Last week Prostasia Foundation participated in an event titled "Preventing Child Online Grooming: Working Together for Maximum Impact" which was organized by the UK Home Office, the WePROTECT Global Alliance, and Microsoft. A surprise proposal at the event came from Hany Farid, professor of computer science at Dartmouth College. Professor Farid is one of the developers of the PhotoDNA technology that Microsoft and its partners use to scan images that are uploaded by users to the web. Professor Farid's suggestion was that this scanning technology should be incorporated into all major web browsers.
This raises several privacy and security concerns. The hash databases used with PhotoDNA, as compiled by organizations such as the Internet Watch Foundation (IWF) and the National Center for Missing and Exploited Children (NCMEC), are meant to contain only unlawful images of minors, but due to the nature of these images, there is no transparency about what images are included. As such, lawful images have previously been wrongly included in these databases, resulting in false positive matches that impacted innocent Internet users.
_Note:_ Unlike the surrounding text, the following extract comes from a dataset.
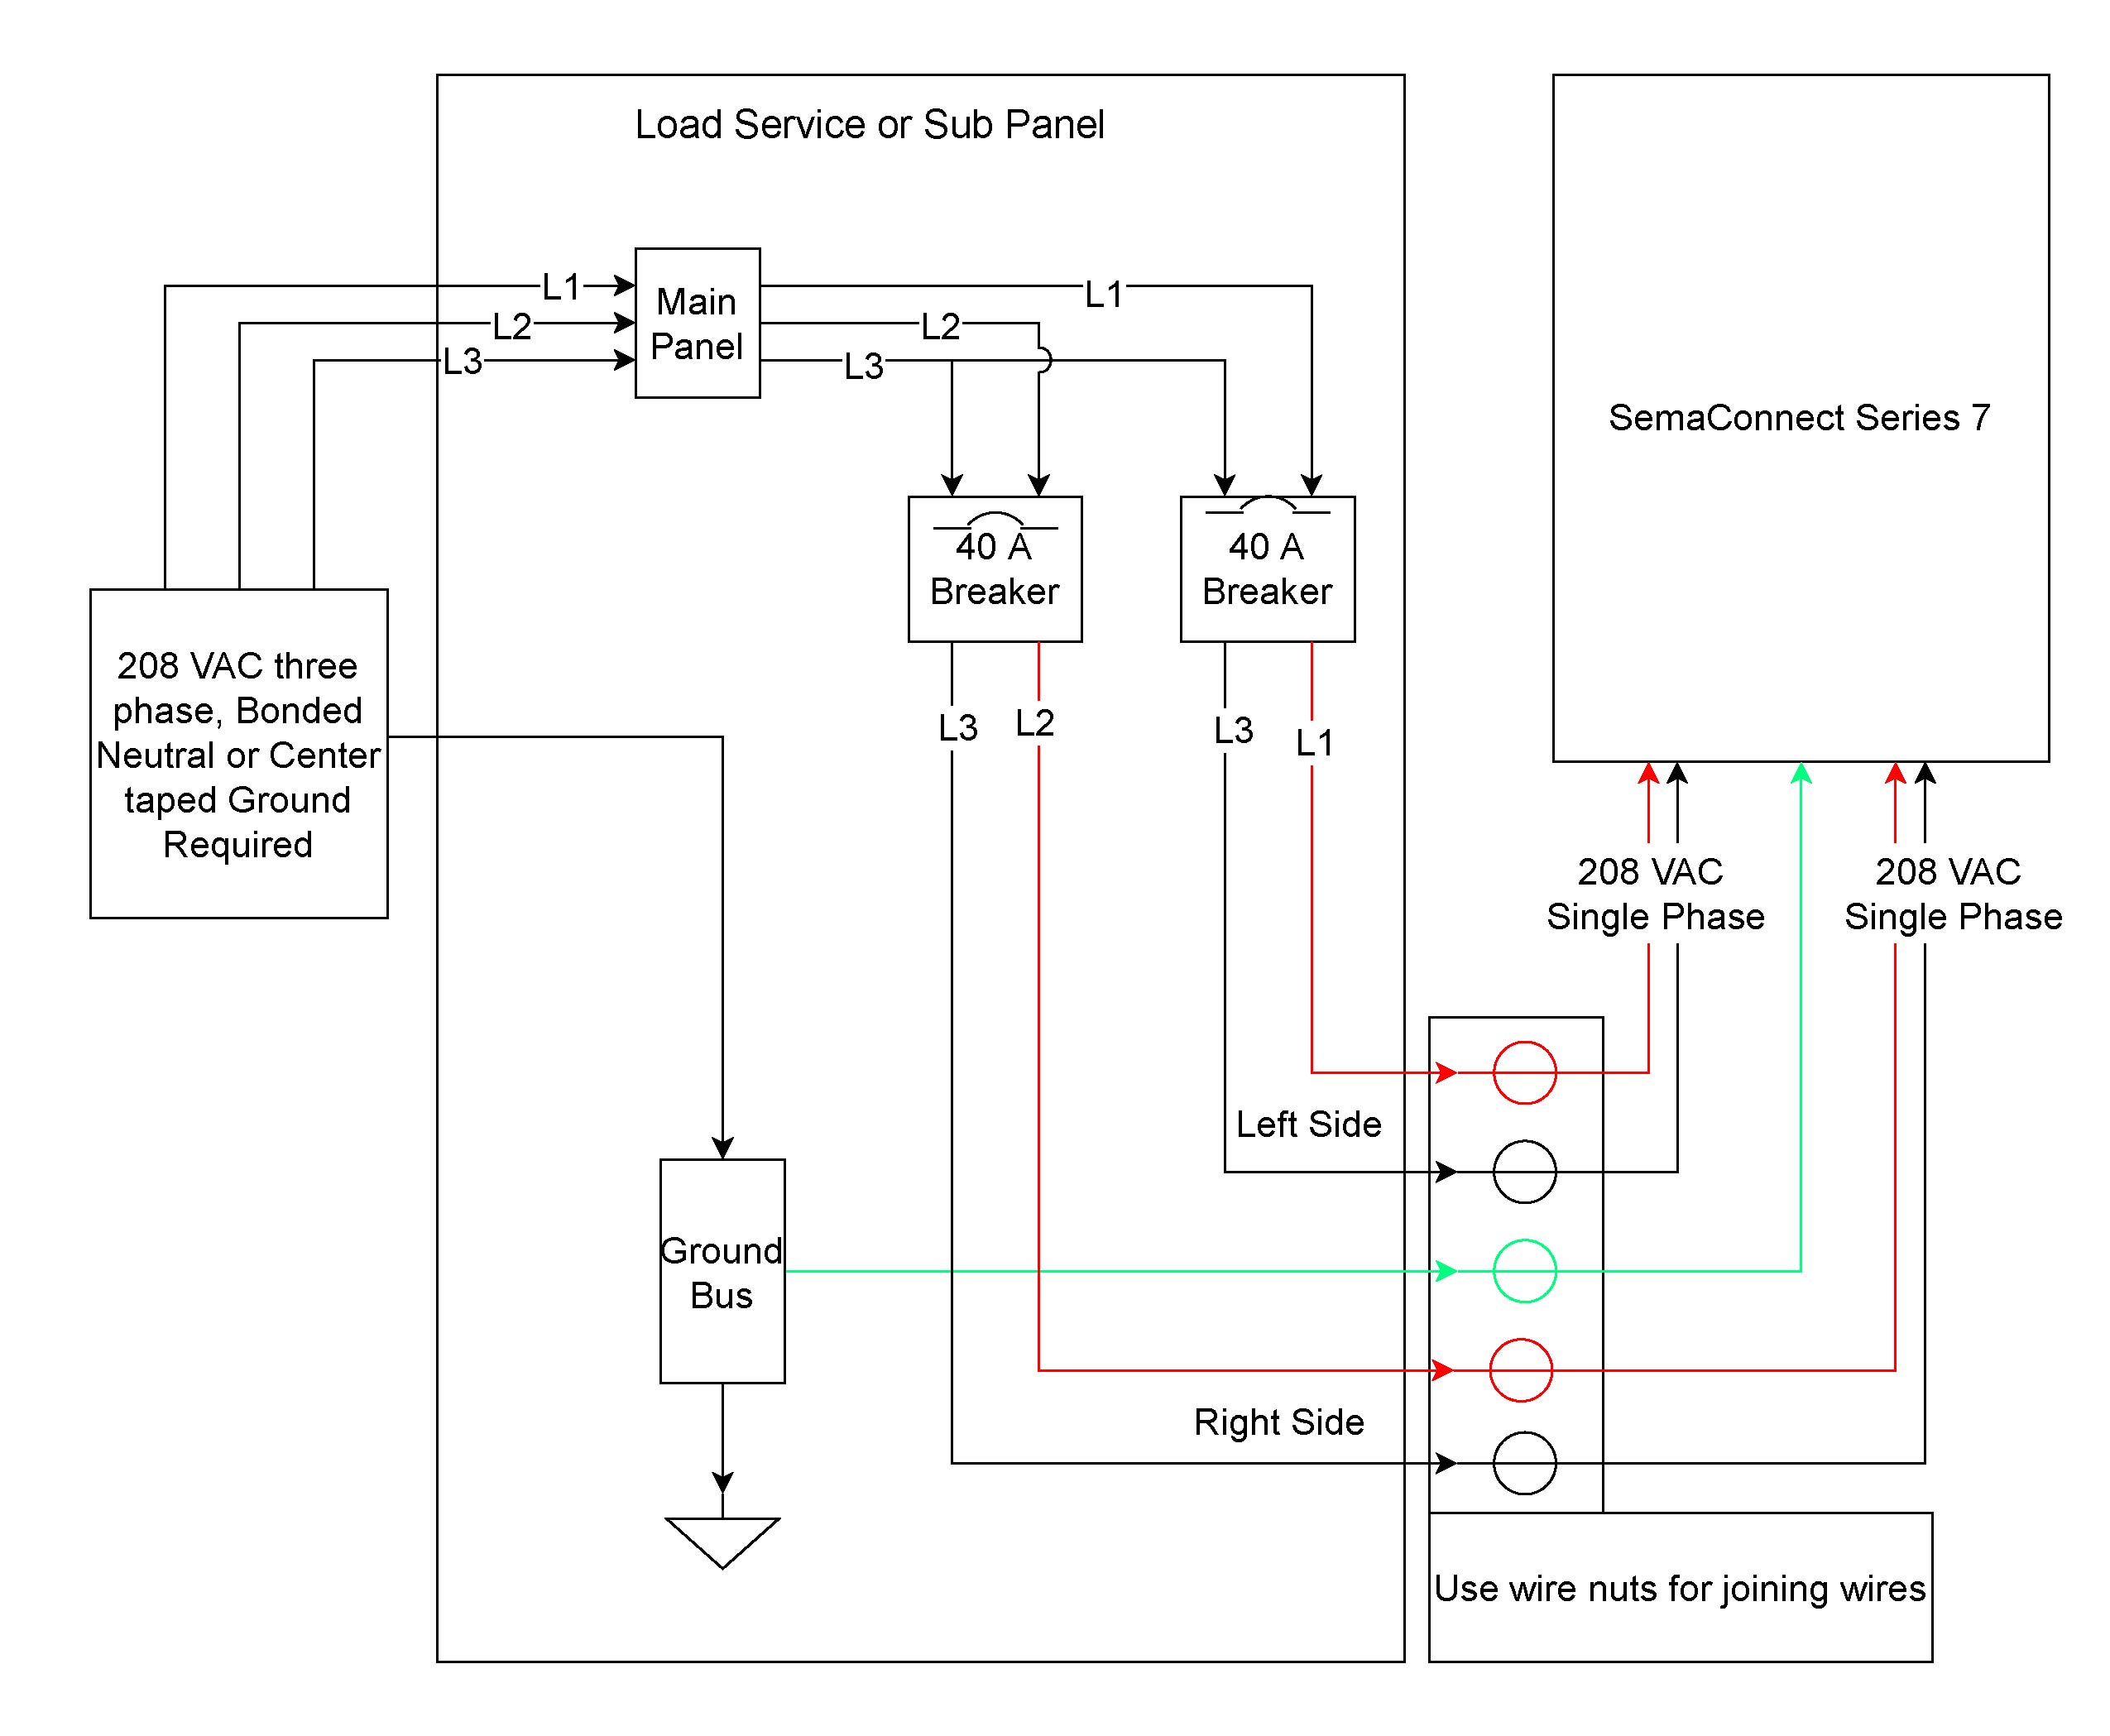 sussman es-72 electric steam boiler wiring diagram

But more alarming than this is that by moving this hash-scanning technology from the server side (scanning by web companies) to the client side (scanning in your own web browser), you are allowing a "Big Brother" into your home. Exactly as happened with server side scanning, governments and special interest groups will soon insist on expanding it to scan for other types of illicit content, such as copyright-infringing downloads. Since currently copyright owners complain about the game of "whack-a-mole" that they play when copyright files are moved from one server to another, incorporating copyright-scanning technology directly into the web browser could be an irresistable solution. It may also prove irresistable to governments that wish to censor downloads of banned security tools like secure messaging applications.
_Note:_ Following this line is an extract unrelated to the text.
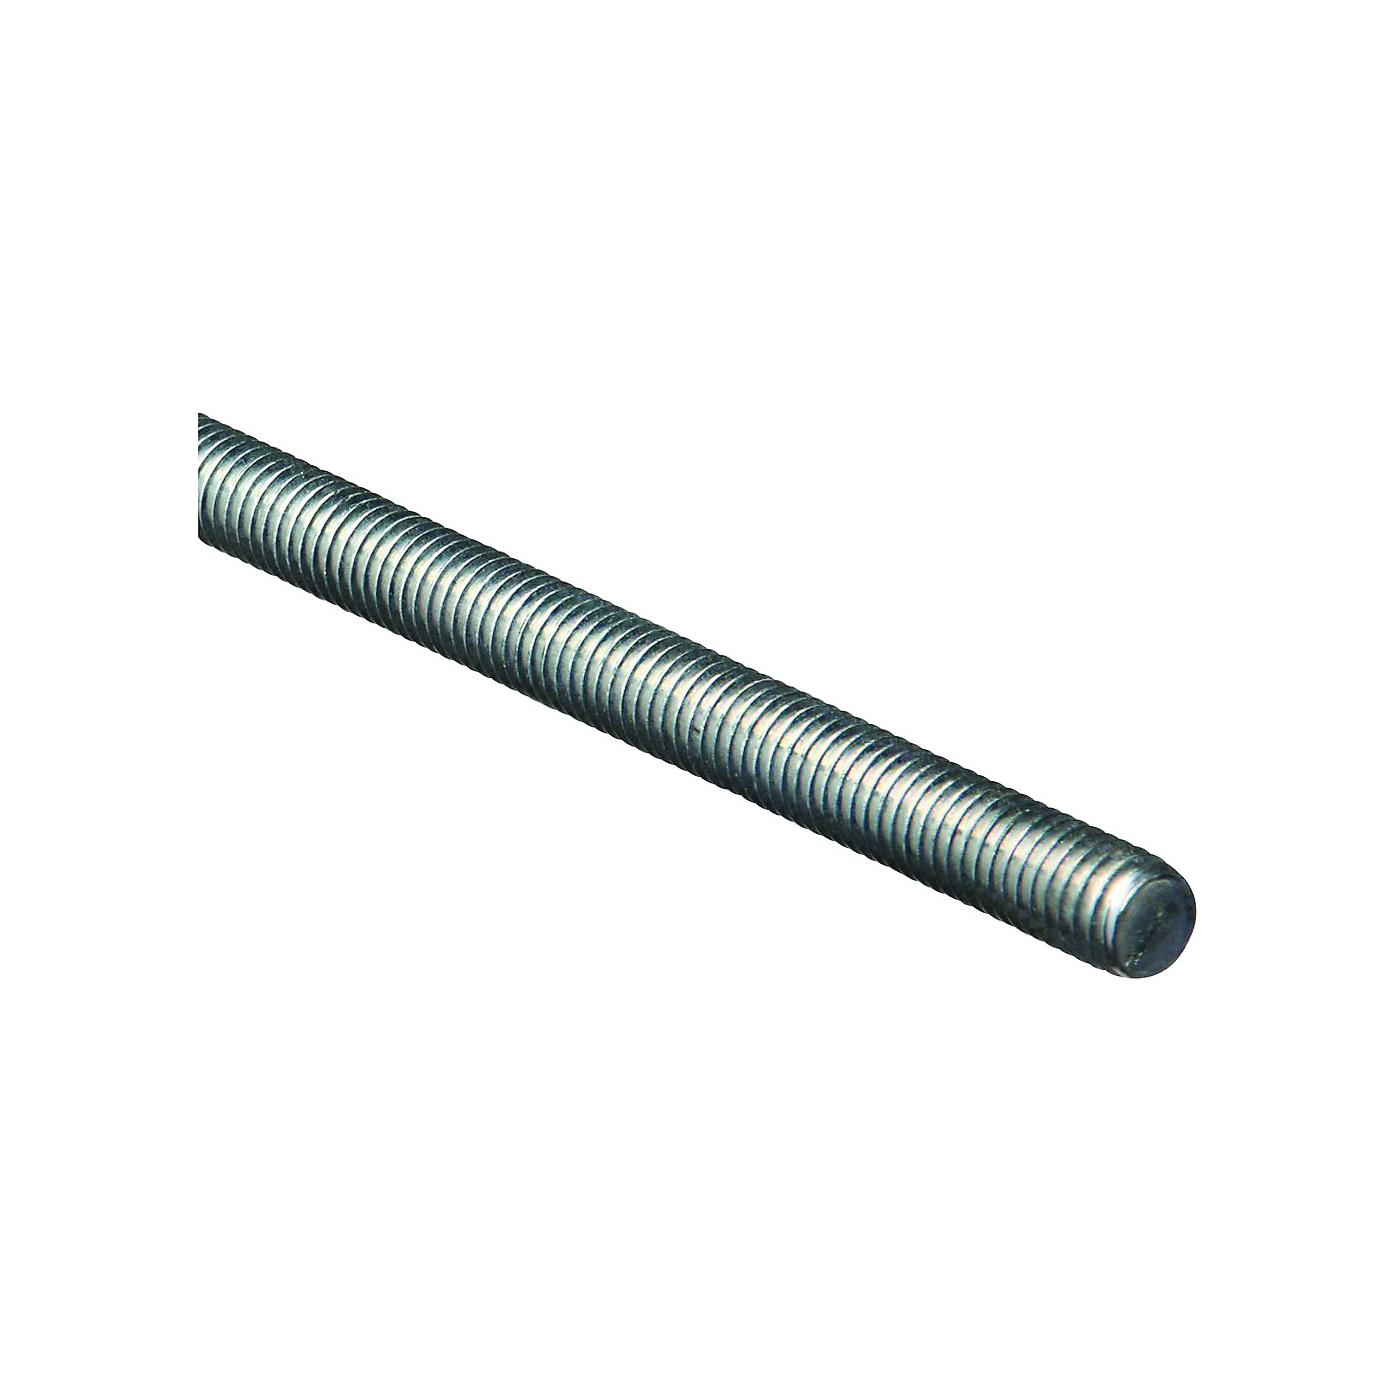 N179-523 Threaded Rod, 7/16-14 Thread, 36 in L, A Grade, Steel, Zinc, UNC Thread

Perhaps even more concerning still is the prospect that not only our downloads, but also our private messages may soon be being automatically scanned. The main outcome of the Microsoft event was the announcement of a new surveillance technology that is claimed to be able to to automatically flag potential conversations taking place between child groomers and children. Prostasia Foundation will be seeking further details of this technology and requesting access to an early beta for evaluation as part of our planned 2019 Internet Platform Review. We intend to use logs of chats of sexual role play, sourced consensually from the adult participants to those chats, to determine whether the technology is as accurate as claimed at identifying actual cases of attempted grooming.
When we raised some of these concerns with Professor Farid, he dismissed them. But this is a classic illustration of the need for vigilance to ensure that in our understandable and laudable enthusiasm to thwart child sexual abusers, we don't overlook significant civil liberties concerns about the potential for some of these technologies to harm the privacy and security of innocent Internet users. We will be inviting Dr Farid to attend our May 2019 meeting of Internet platforms and experts, to ensure that our concerns are conveyed to the technologists and policymakers who are leading this charge.